Ogre mothers-in-law and other interesting people


They say that the Japanese publishing industry is in a bad way, and soon print media will disappear forever. My guess is there's nothing to worry about. Not as long as the josei shukanshi (women's weekly magazines) are around to brighten our spirits and enlighten our minds.

The josei shukanshi are the heartiest of print institutions -- the bitchy, Other Woman of Japanese journalism. Though women wrinkle their noses in contempt, they have always loved these mags like a sister or a staunch and loyal girlfriend.

On a bad day, nothing is more uplifting or rejuvenating. They give you the courage to say yes to life, be it the saddest of times. See, already I'm starting to talk like one of the many hundreds of midashi (headlines) shower down from ads on commuters each day in any train car.
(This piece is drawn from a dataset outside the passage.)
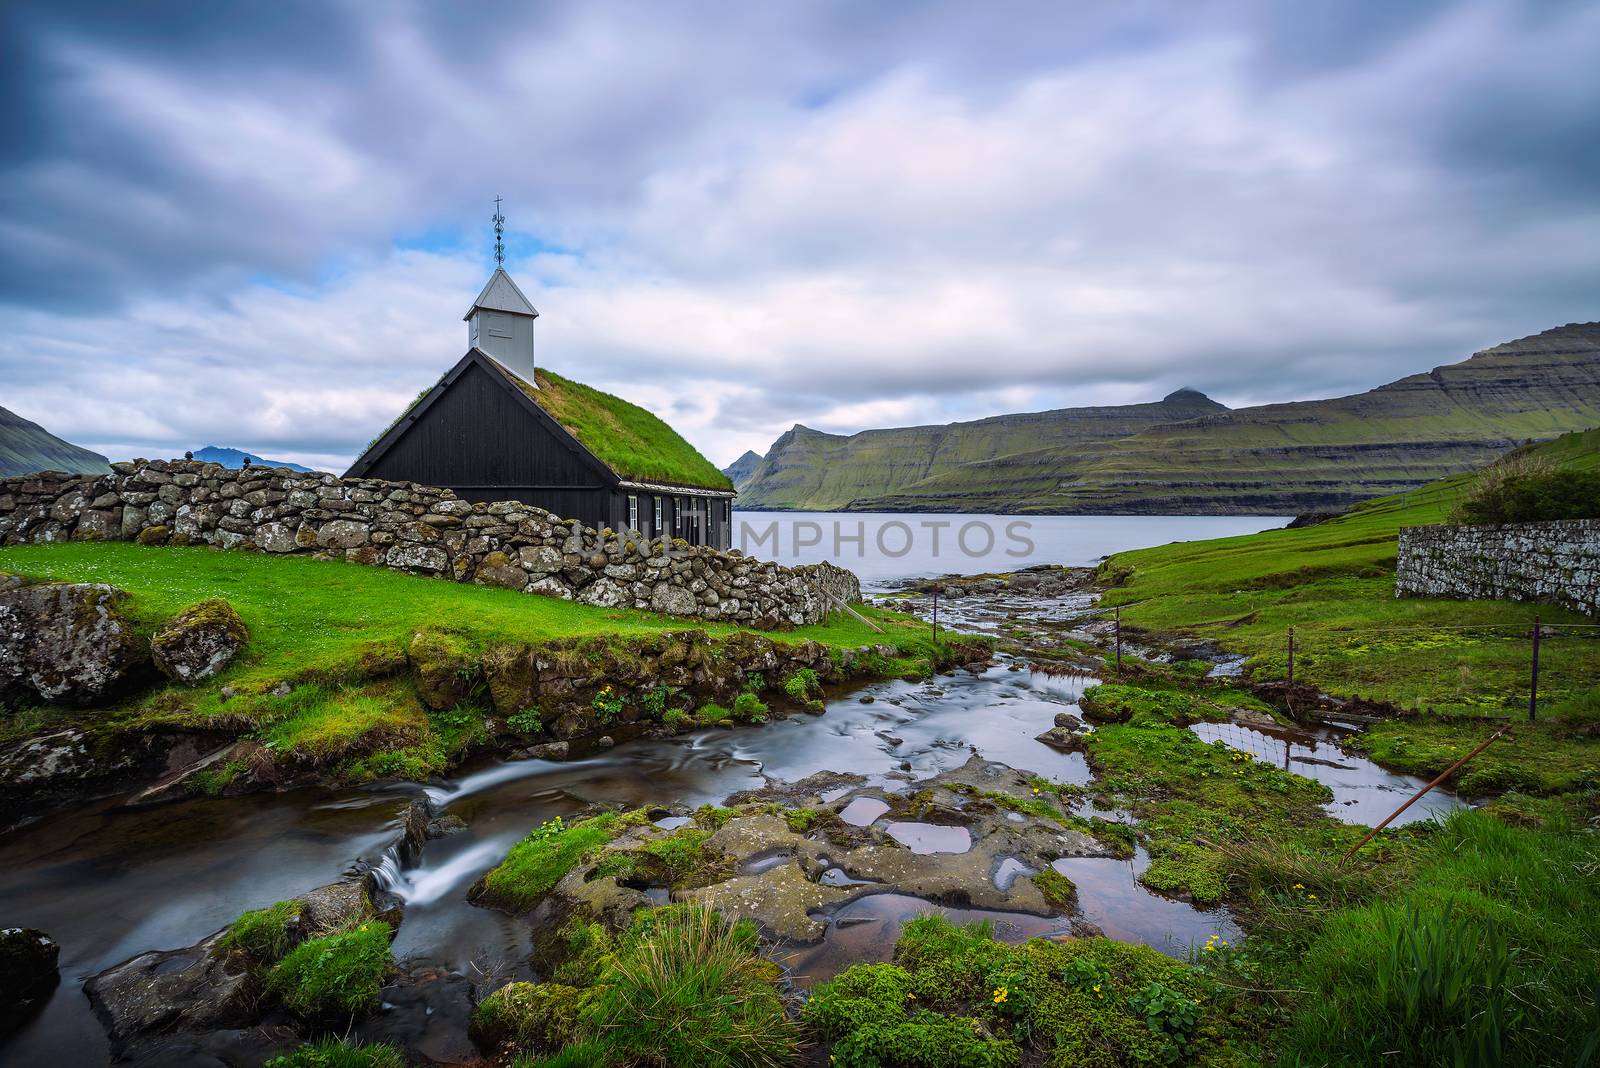 Small wooden village church on the sea shore in Faroe Islands, Denmark by nickfox

While shukanshi ads are about the ugliest, busiest, most chaotic things ever to go through a printing press, there's no denying that they hold a certain power.

What other magazines promise articles that run to the tune of: "Shizuka, gekiyase (Shizuka becomes super-slim)," "Aa, miira ni natta wagako (Oh, my child was mummified)," and wedge underneath these sentences a picture of baked beans with the caption: "Kantan biiru no otomo (Easy-to-cook beer accompaniment dishes)."

All around these headlines are other headlines in vomit pink and bile green, shouting out all the traditional shukanshi neta (topics): rikon (divorce) among the rich and famous, kekkon (marriage) among the rich and famous, shussan (childbirth) in the Imperial Family and all kinds of patent daietto (diets).

Read them and you will know all the little things that make this country go round, like how sumo wrestler Takanohana's mom ditched her husband (stable master Fujishima) to run off with a younger guy but returned to the house after "sanjikan no misshitsu settoku (three hours of persuasion in a locked room)."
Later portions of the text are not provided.